Richard Nixon made many mistakes in his life, but he knew China. Like the United States, China is made up of different regions and people from different sub-cultures, who seldom agree with their neighbors on even important issues until there is a crisis. The people of China hate corruption, which is why they rejected Chiang Kai Shek and the Kuomintang. They despise tyranny, which is why the communist government works so hard to spin everything from wars to television programs. They have learned thrift from lean years, and their history shows a deep devotion to family and chivalry; even today historical plays and movies about virtue and knights (or Shaolin monks) are tremendously popular.
And they love America.
Chinese usually refer to the United States as 美国 Meiguo*, which means ‘beautiful country’. Chinese immigrants began coming to America in the early 19th Century, and despite becoming the first race to be specifically barred from citizenship the Chinese have long considered America their friend. The U.S. was the only major power to honor all of its promises in the resolution of the Boxer Rebellion, including the creation of Tsinghua University by American educators and benefactors. The United States also stood by China in resisting invasion attempts first by Russia in 1900 then by Japan in World War 2. Nixon parlayed that respect for American non-imperialism into an alliance against the Soviet Union, which actually fought a prolonged war against China for over twenty years along their border, with casualties reportedly greater than one hundred thousand dead.

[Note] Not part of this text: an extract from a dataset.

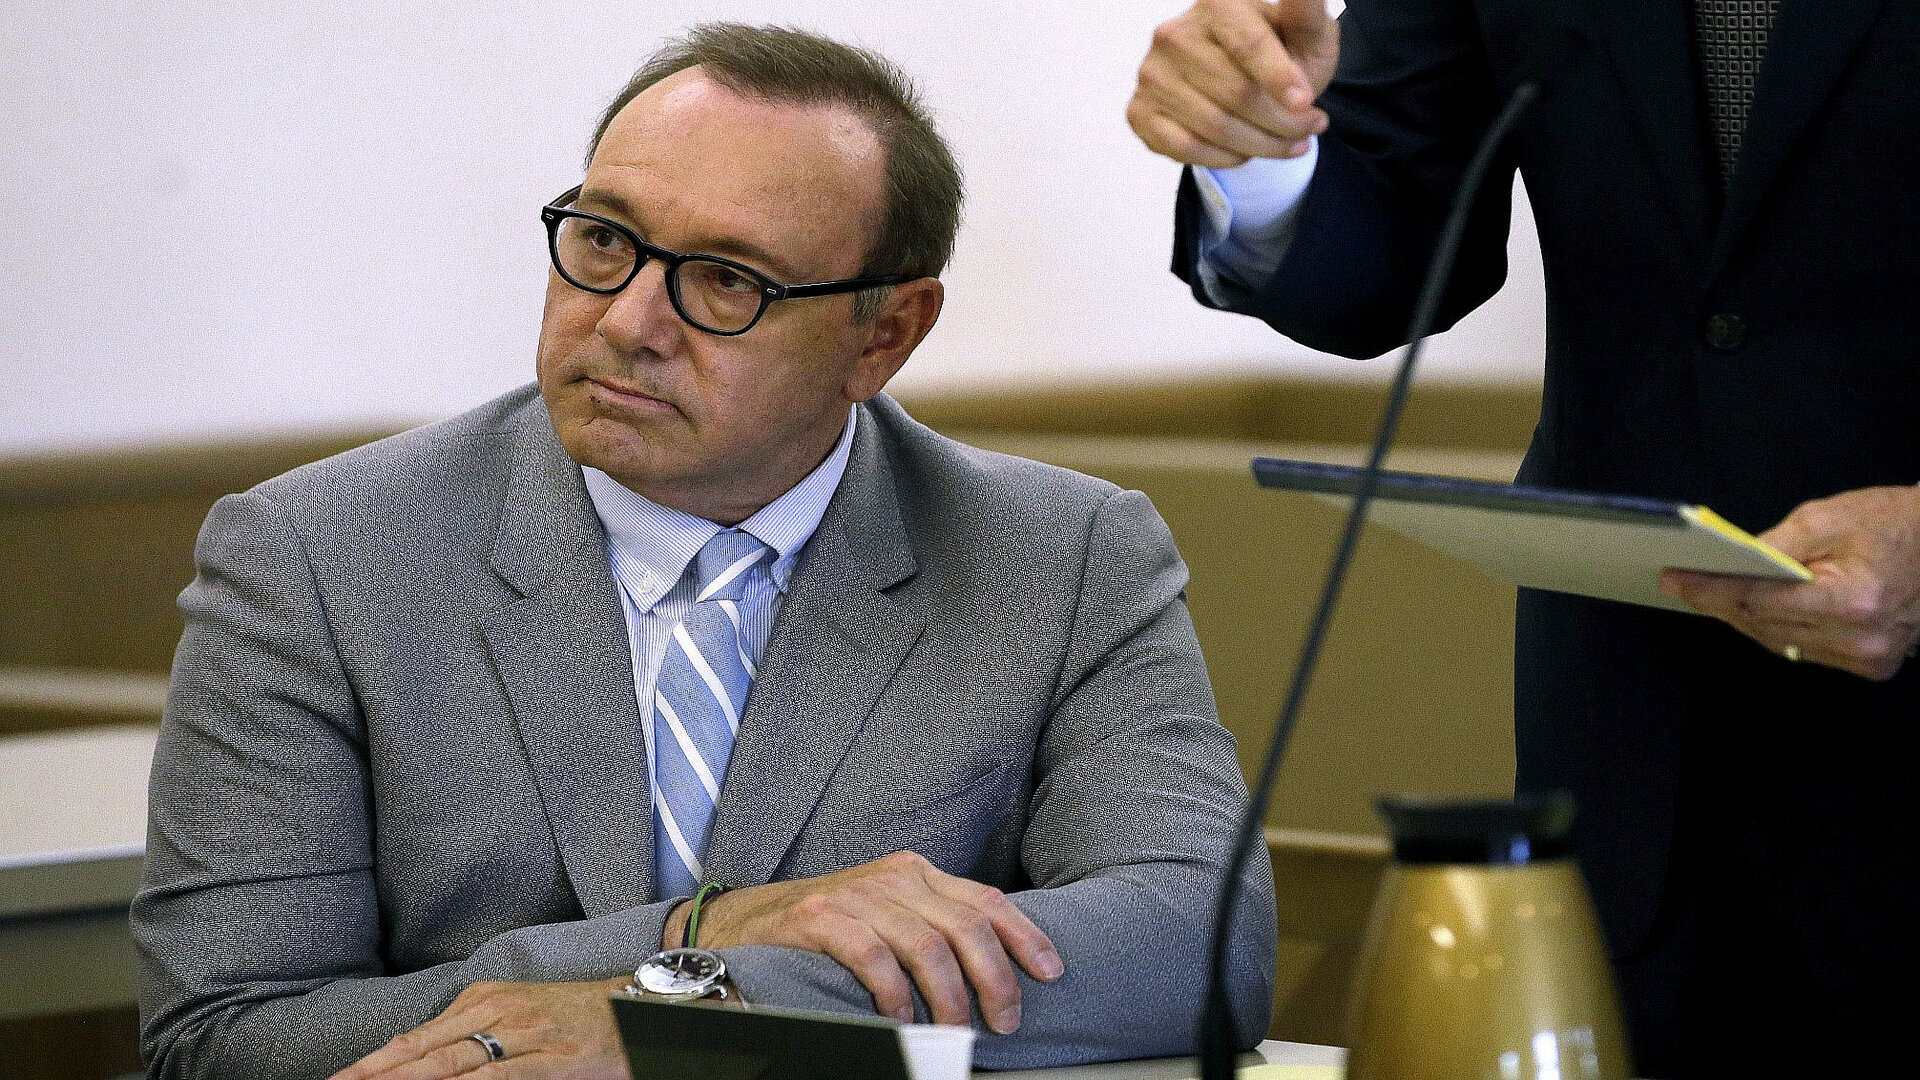 LA court orders actor Kevin Spacey to pay over $30 million to studio for losses

It’s really no shock that Chinese invest in the United States, whether in stock, land, or treasury notes – they have done so for generations as much as possible. Chinese routinely send their children to universities in the U.S. if they can afford to do so, they listen to American music and watch American movies. Chinese are more pro-American than most Europeans.
This is not to say, at all, that the government in Beijing is about to become Reaganite or follow the ideals of John Kennedy. Nor should it be taken to mean that China has abandoned its cultural legacy, both as a nation and in the regions and towns and families that have grown and thrived for centuries. But there is a living, active China that is hidden from the dispatches of Hu Jintao’s government, one which remembers the dead of Tienamen and works for a future for all China.